Hole 8 Par 4 (378/346/333) Gap

A dog-leg right to left par four with deep rough right and trees left, it also has a fairway bunker on the corner of the dog-leg. You can take it on and a good tee shot will leave an approach to an undulating greens protected by three bunkers.

Hole 9 Par 5 (496/473/418) Round the Bend

It may not be a long par five but it dog-legs left to right and there is yet more out of bounds, deep rough and trees so hitting the fairway is essential, as is avoiding the fairway bunker on the left with your second shot. Do that and the short iron third is to a big green with mounding on the left and two bunkers on the right.

Hole 10 Par 4 (442/429/394) Whitemare Pool

A good old-fashioned (and what’s wrong with that) long par four with trees left and right. A good tee shot is needed. Do that and it’s a mid iron, but most could be looking at a rescue of fairway wood into a green that has bunkers front right and left. Better to be long than short.

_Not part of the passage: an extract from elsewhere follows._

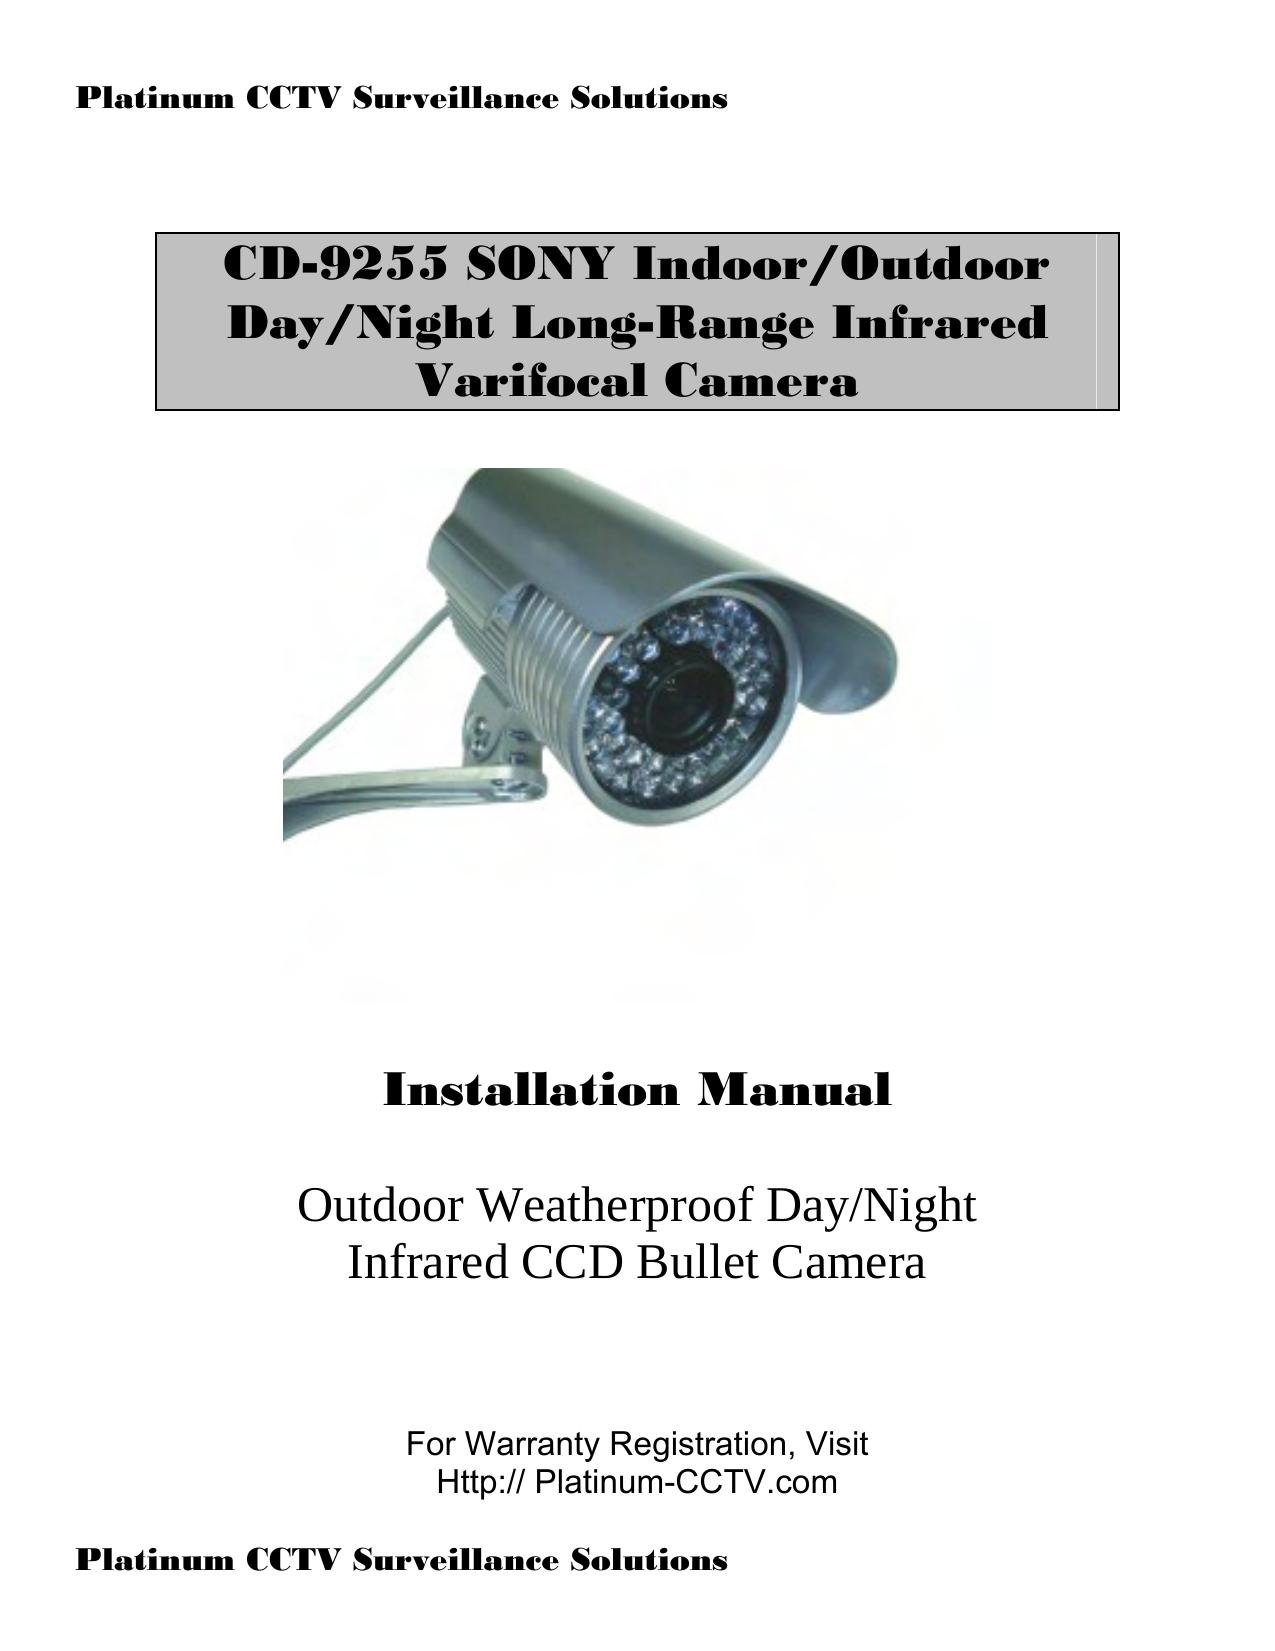 Sony CD-9255 Security Camera User Manual

Hole 11 Par 5 (562/555/471) Wrekendyke

A proper par four followed by a proper par five – a long par five with out of bounds, deep rough and trees running all the way up the right. You have watch those trees on the left but a good tee shot and a good second will leave a relatively straightforward approach into a big green protected by two bunkers.

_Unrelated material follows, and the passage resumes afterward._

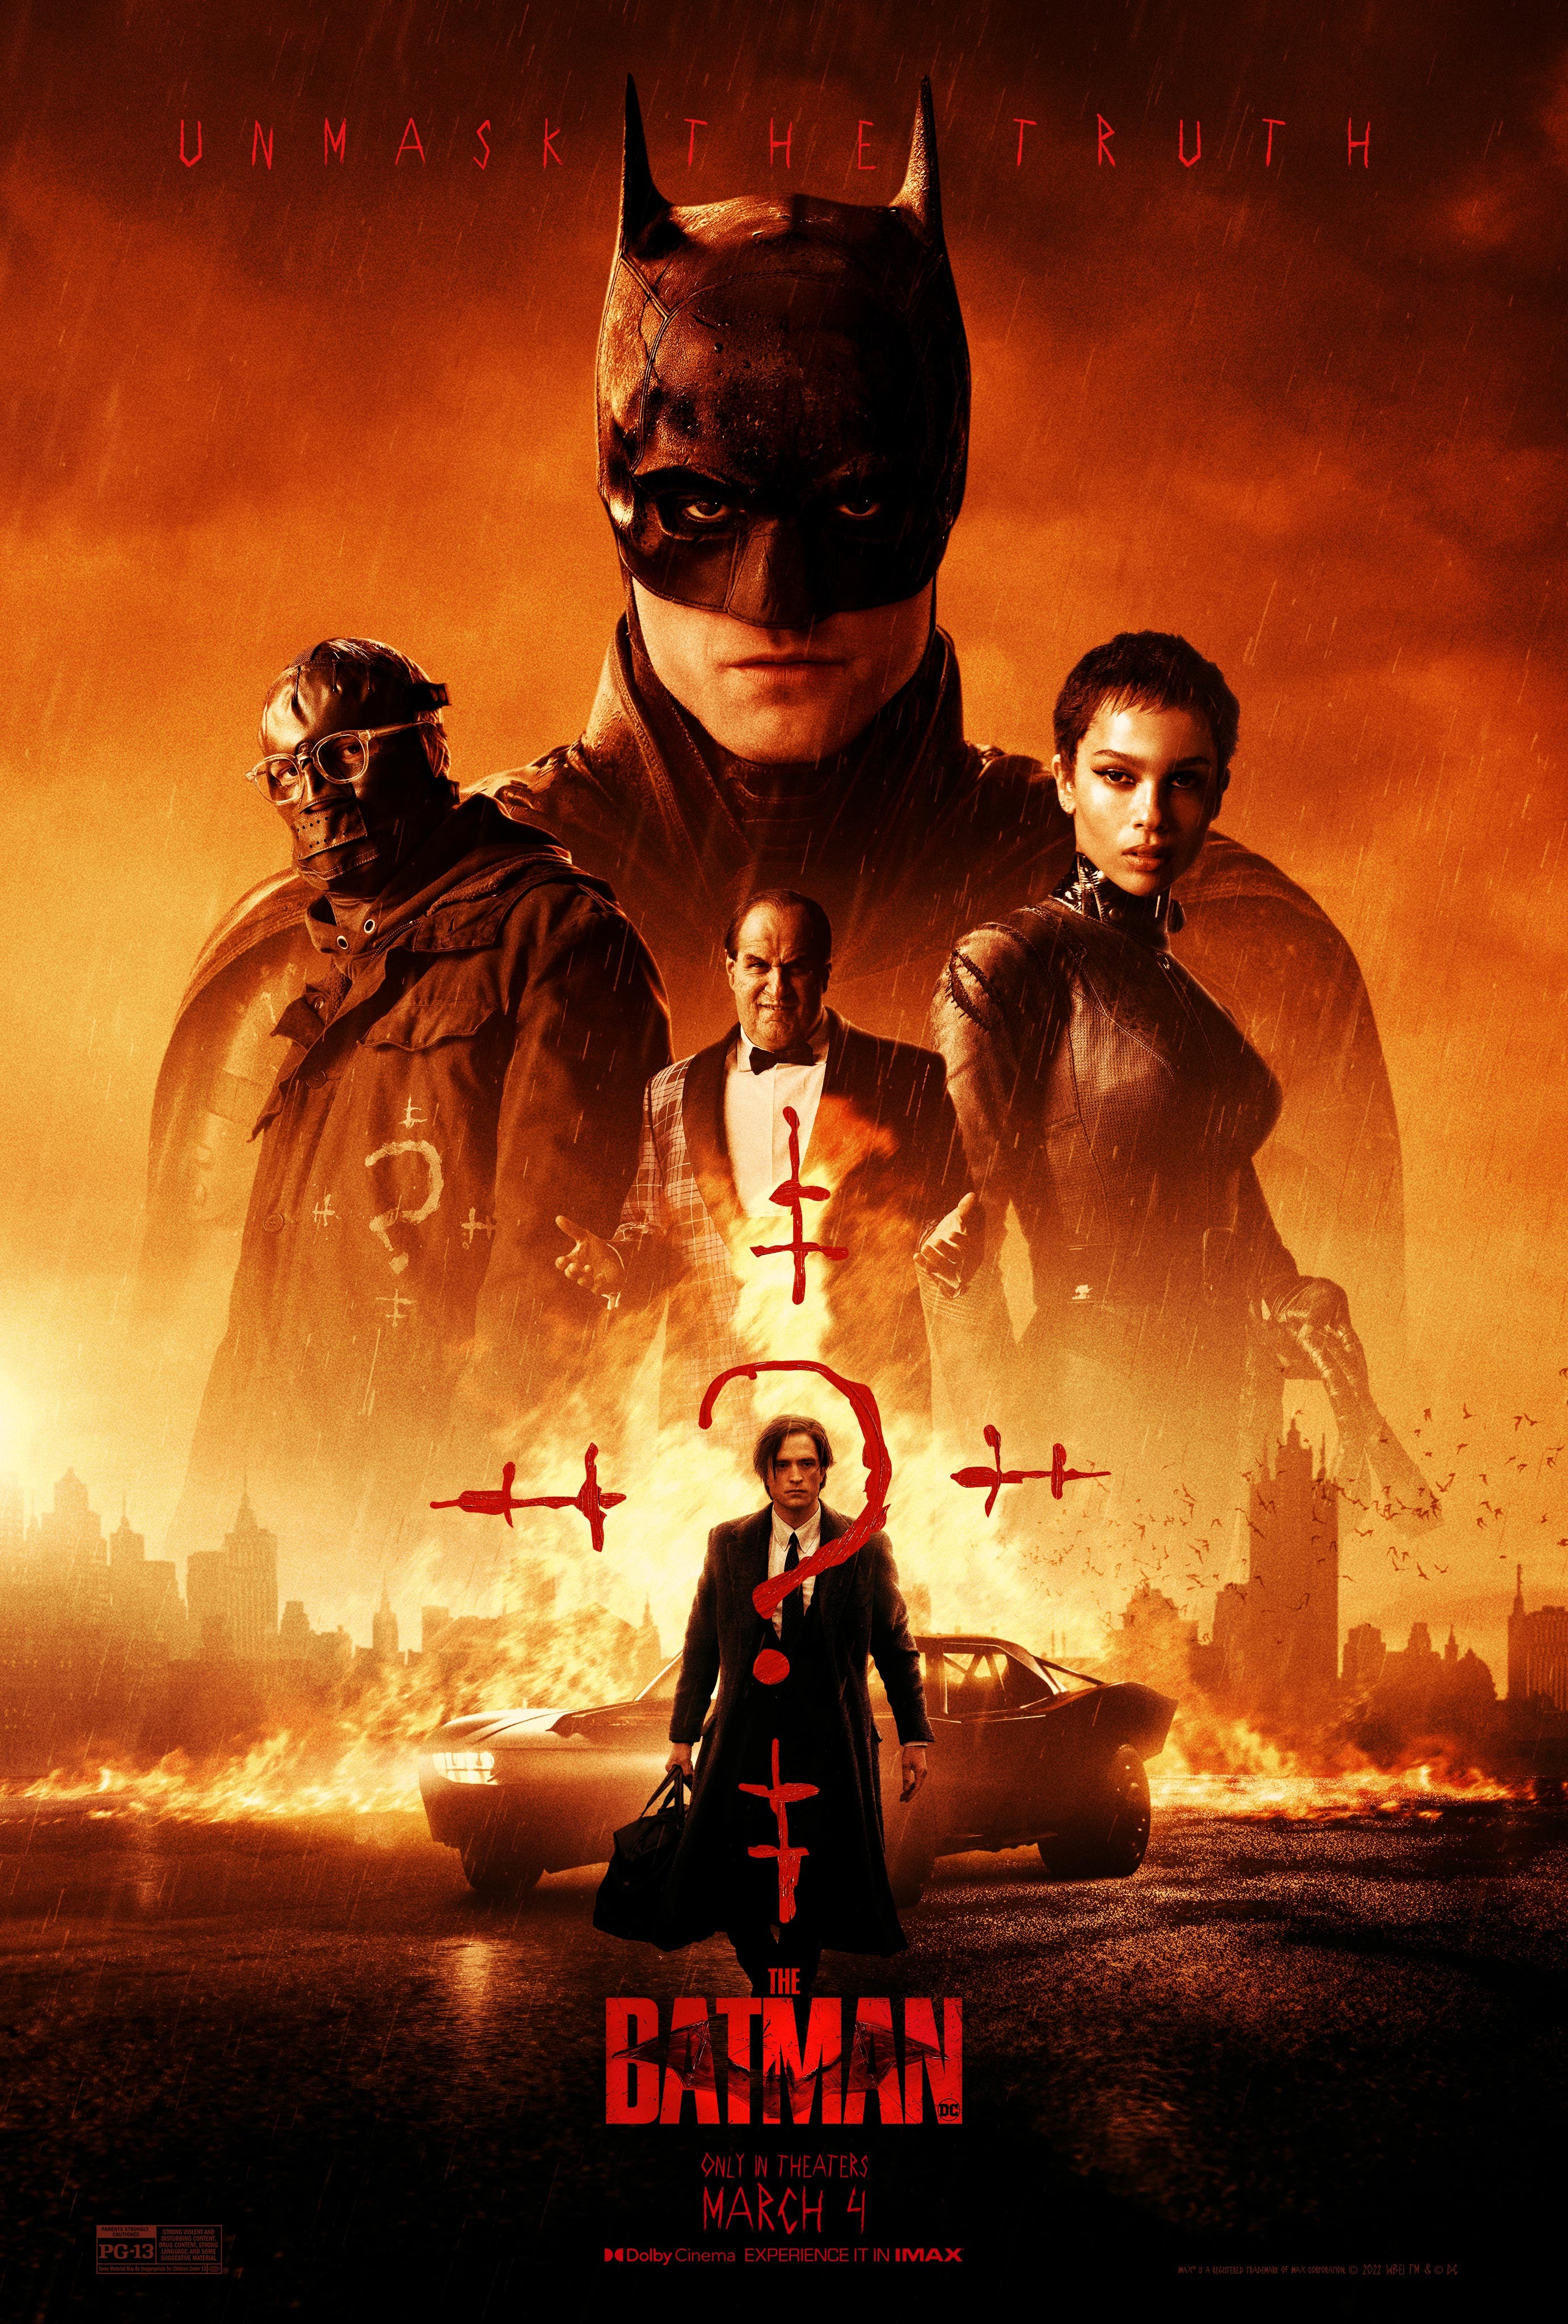 The Batman: Trailer 1 - Trailers & Videos - Rotten Tomatoes

Hole 12 Par 4 (444/435/422) Airport

Another proper par four! Pretty long with trees right and left and four fairway bunkers, two of them 220 yards from the green and two 100 yards from the green which has mounding on the right and a run-off area back left. It’s one of the biggest greens on the course sloping front to back and right to left.

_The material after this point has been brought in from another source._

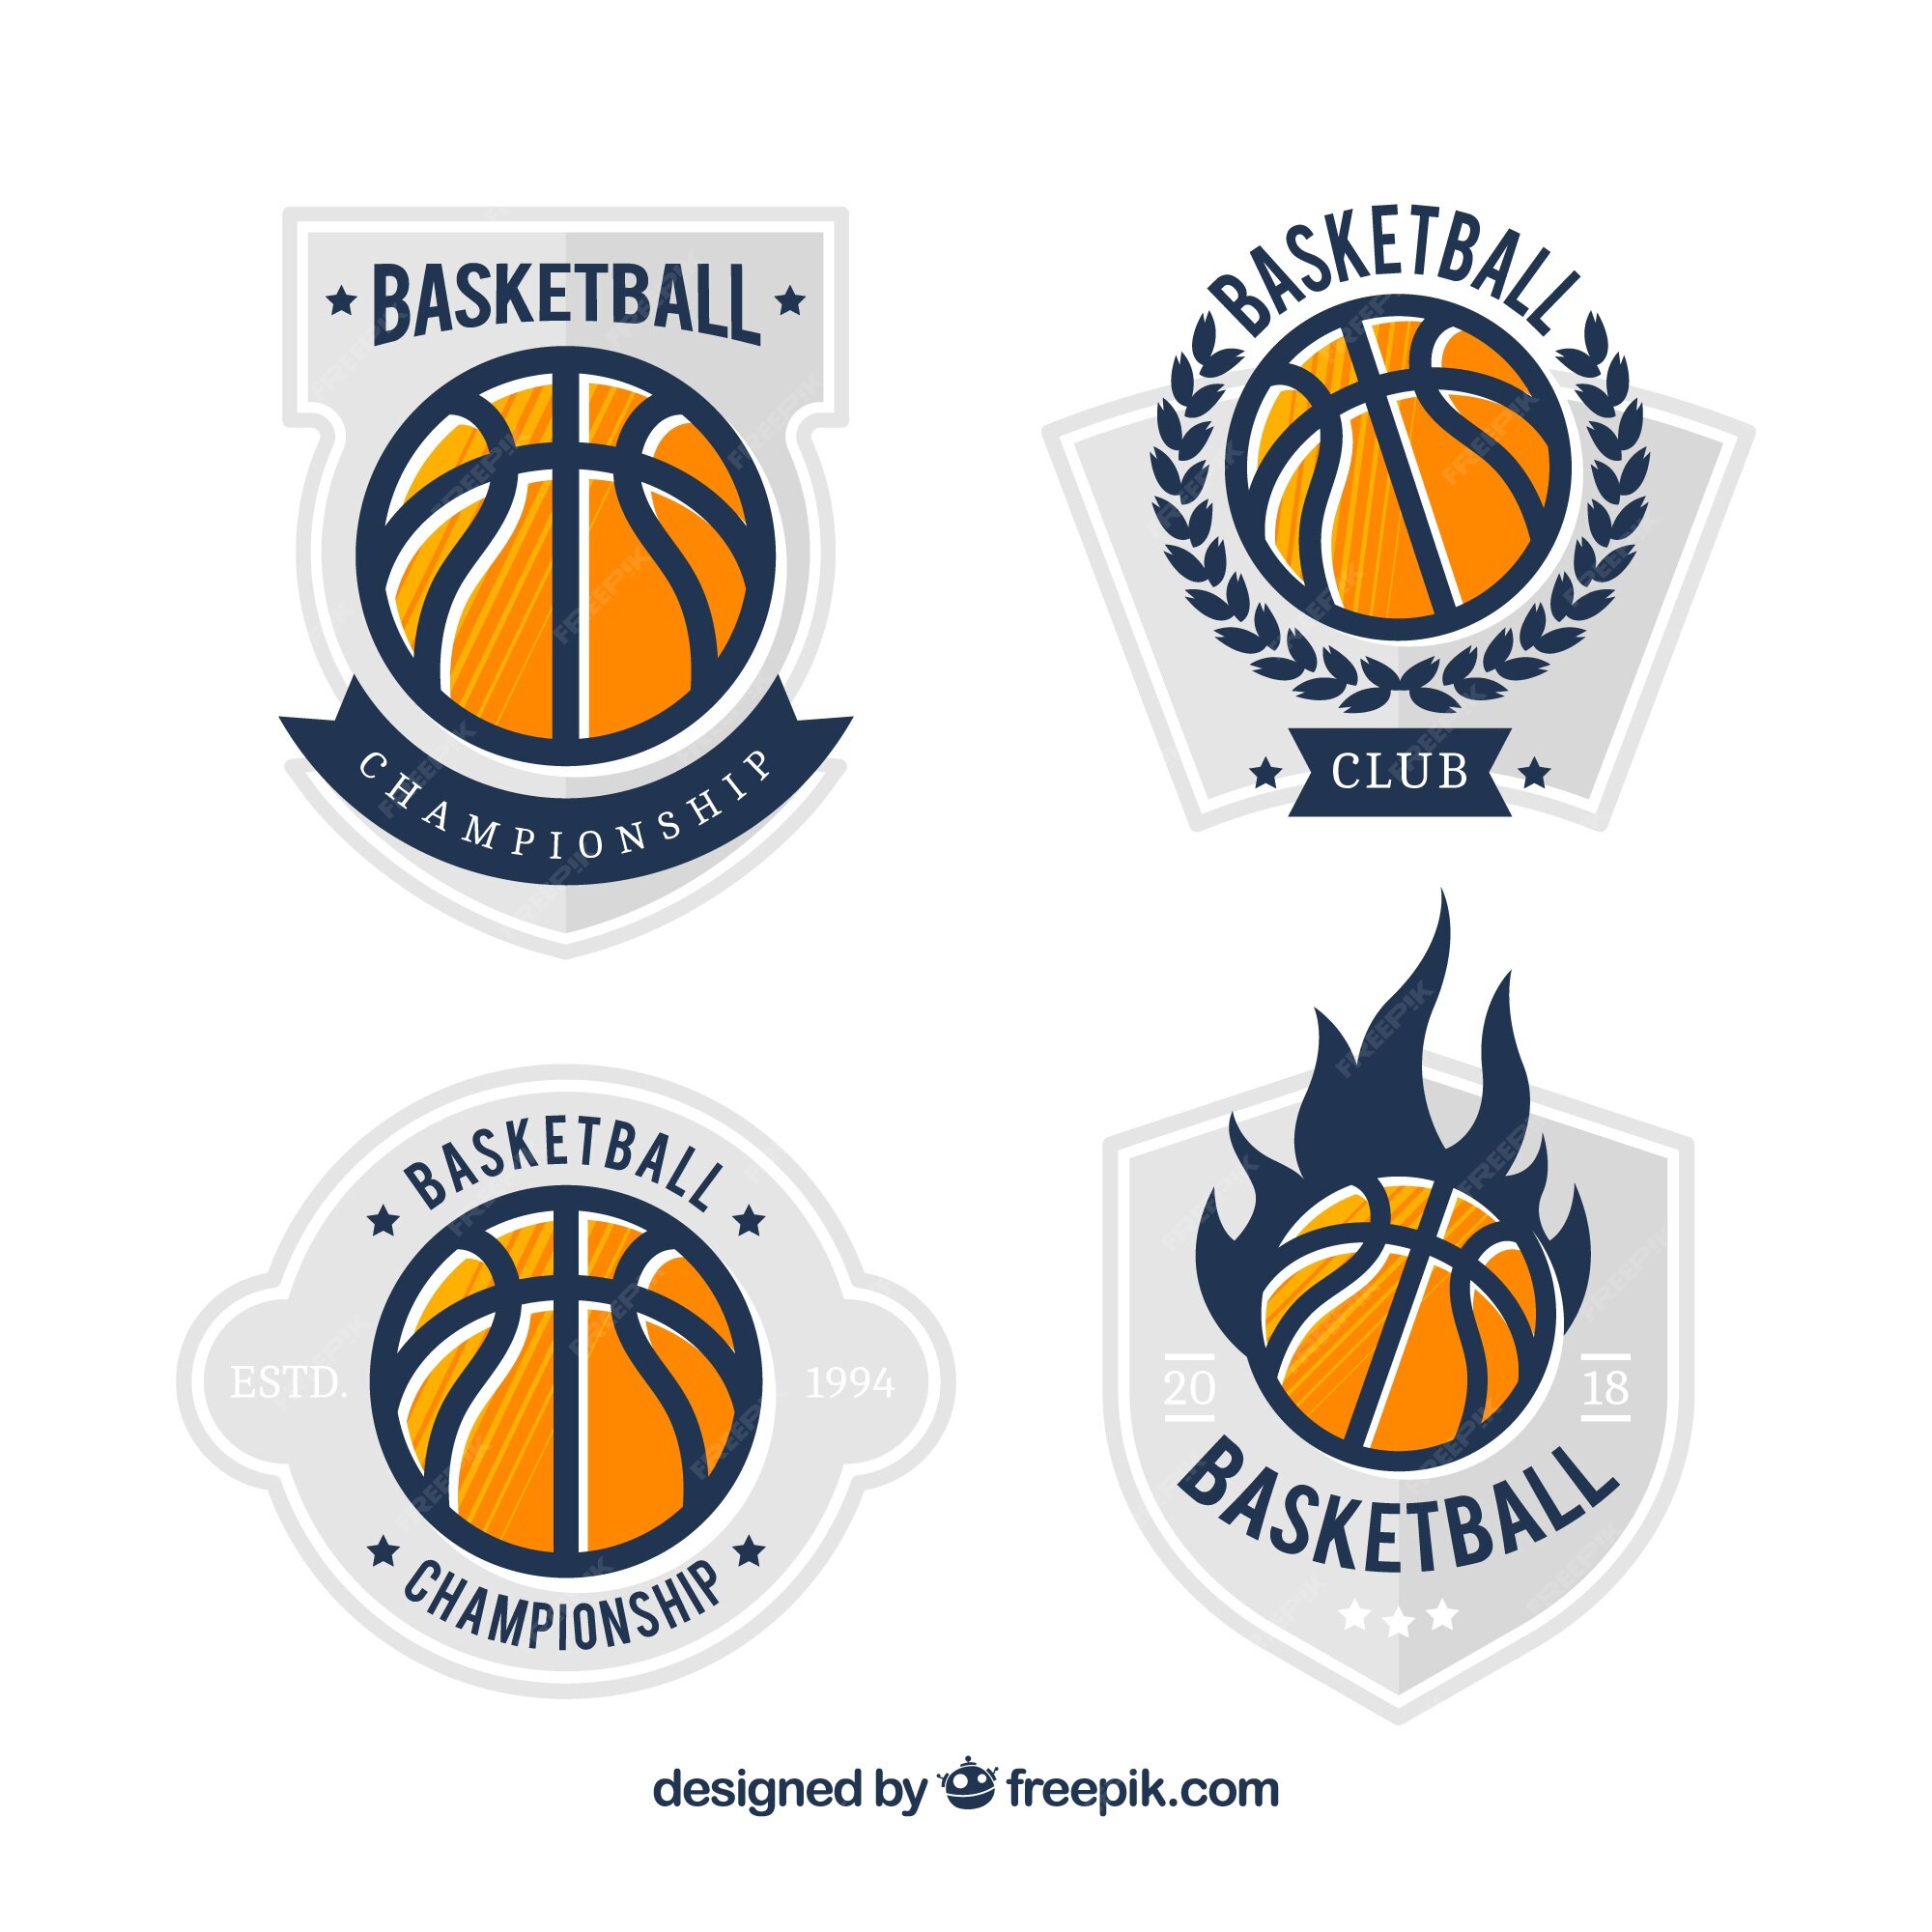 Page 2 | Basketball logo Vectors & Illustrations for Free Download | Freepik

Hole 13 Par 5 (504/494/454) Palmers Hall

Not a huge par five but trees and deep rough all the way up the right and more trees up the left, plus a slight dog-leg from left to right, makes it tricky and there are two bunkers 150 yards from the green which also has two pot bunkers and run-off areas, and if you manage to stay on the green, it has some subtle breaks.

Hole 14 Par 4 (295/293/293) Monument

Relief at last. A short par four with trees either side and fairway bunkers left and right. But you can get close with a big drive and a good tee shot will also leave a short iron in to a generous green that has two small bunkers at the front.

Hole 15 Par 3 (158/151/143) Ditch

A big green with bunkers left and right so club selection is vital for the tee shot on this par three. The green has a big slope from front to back and it can be a tricky two putt from above the hole.

Hole 16 Par 4 (306/297/248) Follingsby

A shortish par four with two mounds just off the fairway and three well-placed fairway bunkers so it needs a good tee shot to leave a short iron into a tricky green with a pot bunker on the right and two big swales that run across the green from front to back. Again a tricky two putt if you’re on the wrong side.

Hole 17 Par 4 (406/395/314) Long Pull

Another strong par four which plays slightly uphill with trees right and left and normally into the prevailing wind to a three-tier sloping green which will test your putting. The green also has two bunkers at the front. Four is a great score.

Hole 18 Par 3 (228/222/212) Castle

What a cracker to finish and a real card-wrecker. There is out of bounds left, right and long and there are also four bunkers protecting this big green that slopes left to right, and many will opt to play it as a par four.

COURSE FACTS

Name: The Heworth Golf Club

Address: Gingling Gate, Heworth, Gateshead, Tyne and Wear, NE10 8XY

Telephone: 0191 469 9832; Fax: 0191 469 9898. Pro: 0191 438 4223

Web: www.theheworthgolfclub.co.uk

Email: Secretary: secretary@theheworthgolfclub.co.uk and administrator: Bernie@theheworthgolfclub.co.uk

Location: Heworth is located just off the A1/A194 and A184 Felling Bypass and the B1288 road towards Springwell. Turn right at the traffic lights at the junction on B1288 and the entrance to the car park is 50 yards on the right-hand side.

Membership (2010 rates): Men £560, seniors £365, women £390, Seniors £255, Juniors, under-14 £65, under-16 £85, under-18 £100.Green fees: Summer rate – weekdays and weekends £25 without a member, £15 with a member. Winter rate – £15 without a member, £12 with a member.